Да, это правда. И Элис К. это знает. Именно в эту минуту тысячи ранее здоровых, счастливых женщин молча вглядываются в свои шкафы, бормоча: «Но я ненавижу яркие цвета!» Тысячи других идут сейчас по улице и тихо возмущаются: «Орнаменты? Цветы? Я их не выношу!» Третьи просто оцепенели, парализованные простым вопросом: «Если не черный цвет, то какая же это жизнь? И можно ли ее назвать жизнью?»
На этот вопрос у Элис К. есть простой ответ: «Нет, нельзя».
Иногда ее посещают жуткие и болезненные воспоминания о тех днях (когда это было? В конце восьмидесятых? В начале девяностых?), когда казалось, что черное совсем выходит из моды и отправляется в канализацию.
Элис К. хорошо это помнит. Она все больше замечала, что женщины появлялись на работе в странных и необычных цветах — бледно-персиковом, мятно-зеленом, в ярких, неоновых оттенках. Ее это встревожило. Потом как-то в начале девяностых Элис К. отправилась по магазинам — и у нее подскочило давление.
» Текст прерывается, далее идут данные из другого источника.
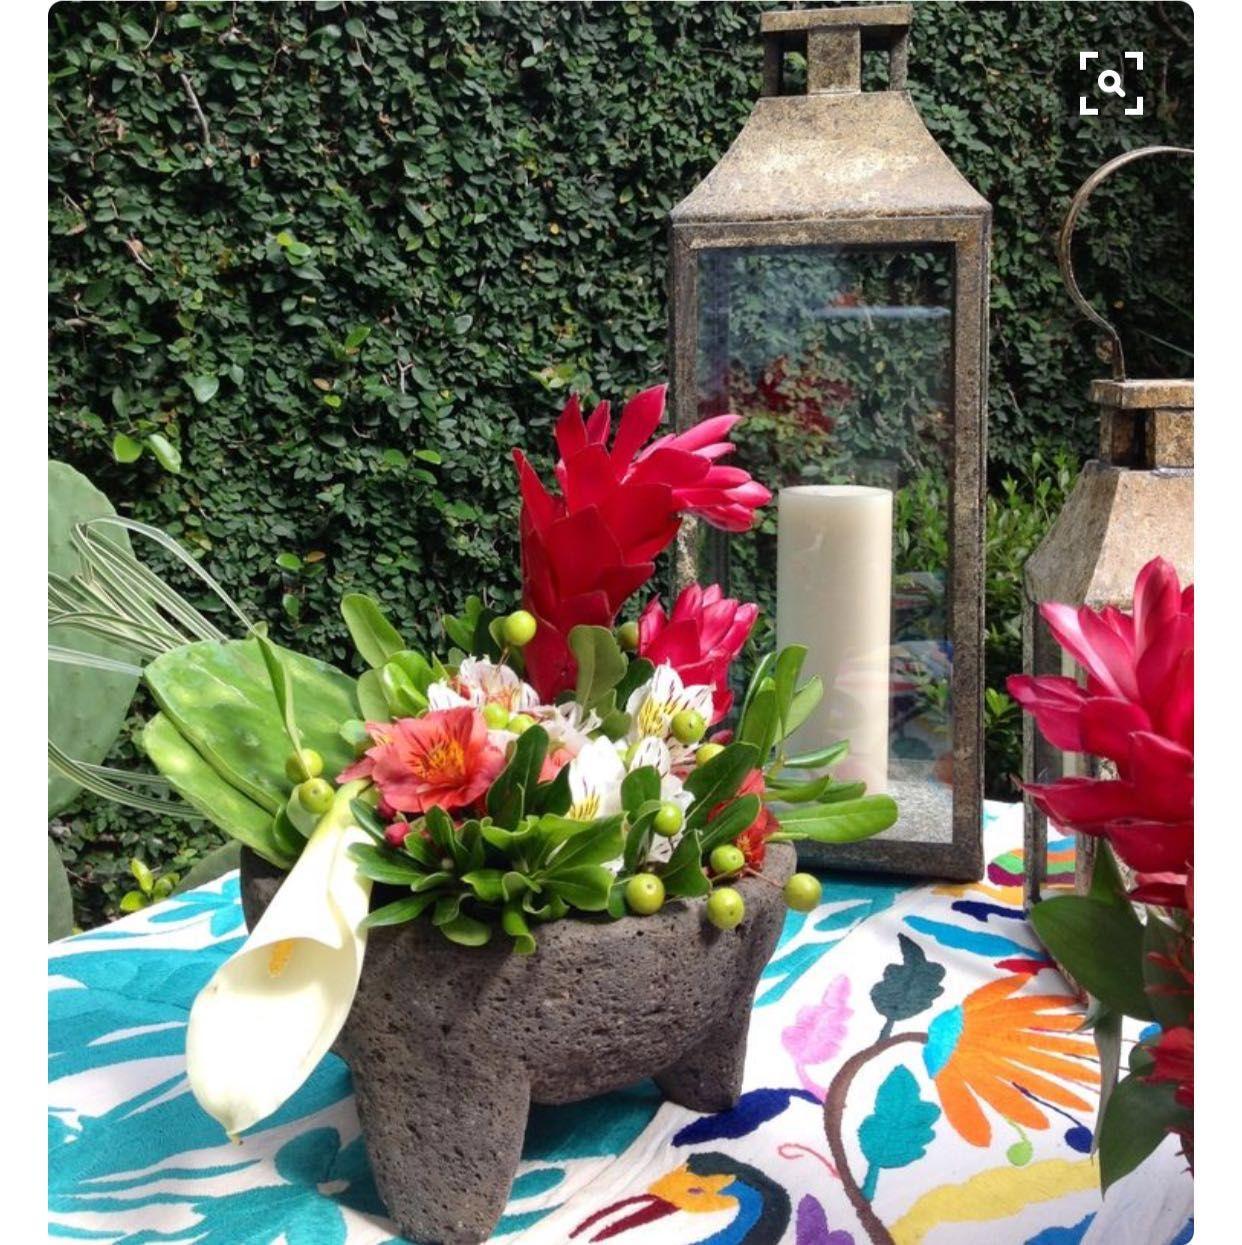 Mexican Wedding Favors Ideas: Pin By Laura Ramirez On Wedding Ideas

Там, где раньше висели черные юбки, теперь красовались маленькие платья без рукавов с психоделическими[31]пятнами, а еще там были жакеты-болеро пастельных оттенков, укороченные брюки с набивным рисунком, ретробрюки клеш, полностью прозрачные блузки и подобные вещи.
Элис К. была потрясена. Она была в ужасе! И, конечно, очень опечалена. В конце концов, в течение почти десяти лет черный был ее любимым цветом. Совершенный цвет. Идеальное решение.
Главное, что черный всегда был к месту, а в восьмидесятые, когда легионы женщин, подобных Элис К., осваивали новые, незнакомые миры, было очень удобно иметь такой «совершенный» гардероб, потому что в черном женщины чувствовали себя шикарными и даже немного загадочными.